Balloon and Static Electrcity I am learning about charge, but there is one thing I don't understand.

In the above picture, I understand that the balloon sticks to the wall because of the attraction between the negative charge on the balloon and the positive charge on the leftmost part of the wall. 
My questions are: 
$\bullet$ Why doesn't the negative charge on the balloon flow into the wall once the wall and balloon make contact?
$\bullet$ Don't the excess of electrons on the balloon want to equally distribute themselves among the balloon-wall structure? 
EDIT:
I found a video and comment sections that explains what's going on. 
https://www.khanacademy.org/science/physics/electricity-magnetism/charge-electric-force/v/conductors-and-insulators
Thank you. 
 A: 
∙ Why doesn't the negative charge on the balloon flow into the wall once the wall and balloon make contact?

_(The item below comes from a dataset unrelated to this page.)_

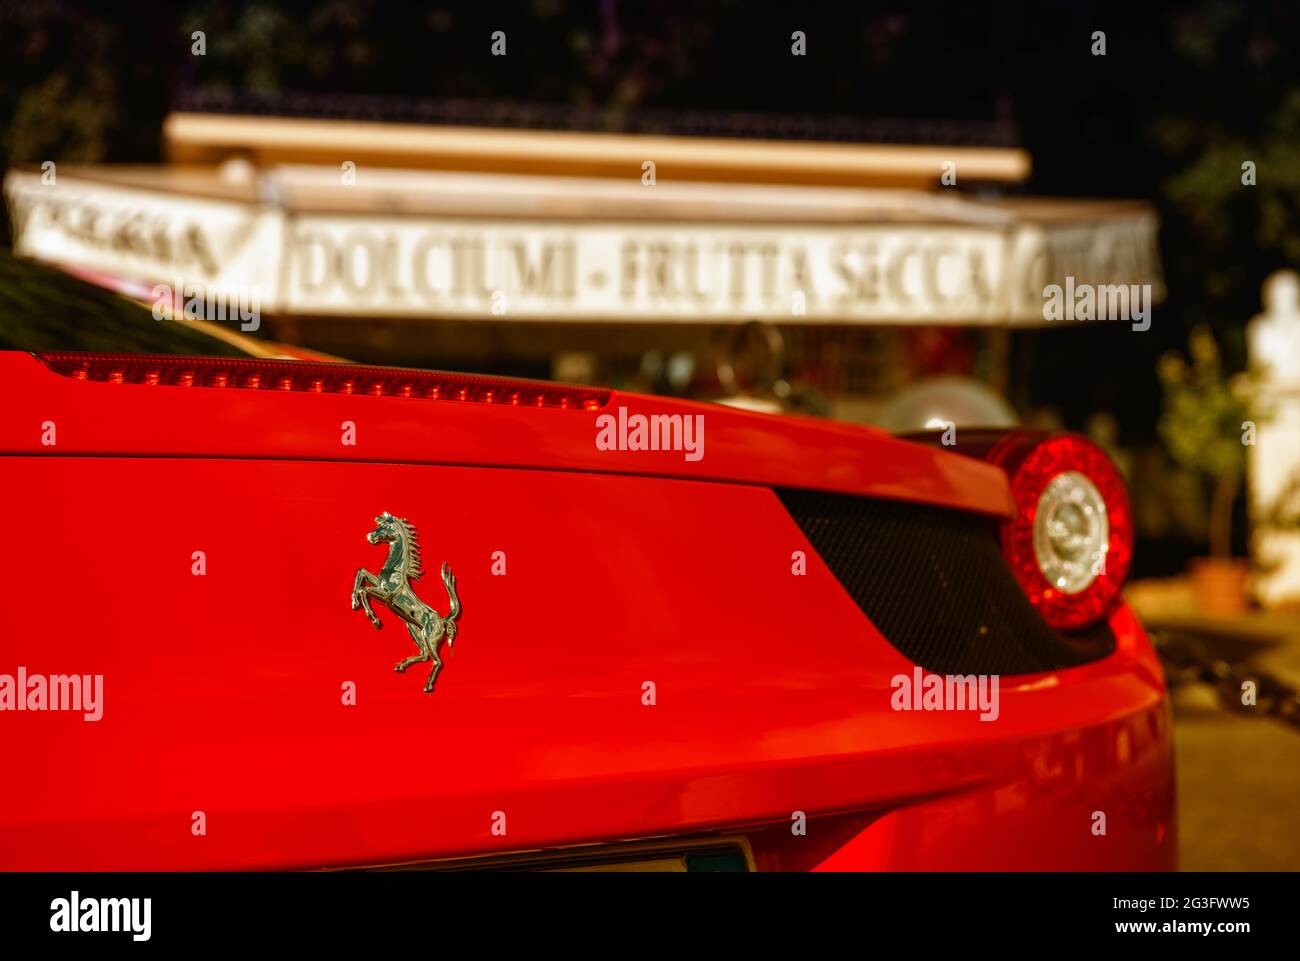 ROME - NOV 1: Red Ferrari shines at Gianicolo, November 1, 2012 in Rome. Ferrari has been noted for its continued participation Stock Photo

Both the balloon and the wall are non conducting. It means that the electrons are bound tightly with the atoms/molecules of the material. With rubbing, enough energy is given to the atoms of the hair by the balloon to extract electrons which stick to the balloon surface due to the electric fields of the atoms , by distorting their charge distributions. 

∙ Don't the excess of electrons on the balloon want to equally distribute themselves among the balloon-wall structure? 

The excess electrons on the balloon due to its non conductive nature will remain locally  on the surface in energy levels that become available once the electron charge distorts the atomic charge distributions. They will slowly dissipate acquiring energy from the thermal energy of the balloon. Touching  the balloon to the wall will transfer some electrons depending again on energy levels activated by the new charge distributions.
On a single atom single electron level: The electron from an atom in the hair is hit by a virtual photon created by the rubbing, and then  is attracted with an exchange of another  photon to an empty energy level of an atom, turning it into a negative ion and releasing a real thermal photon. That is why there is heat with rubbing. This extra electron is lightly bound, and thermal energy is enough to supply a virtual photon that will free it.
In conductors dissipation is fast because there exists a collective energy level where the electrons can find an energy level  niche that is common to all the conductor.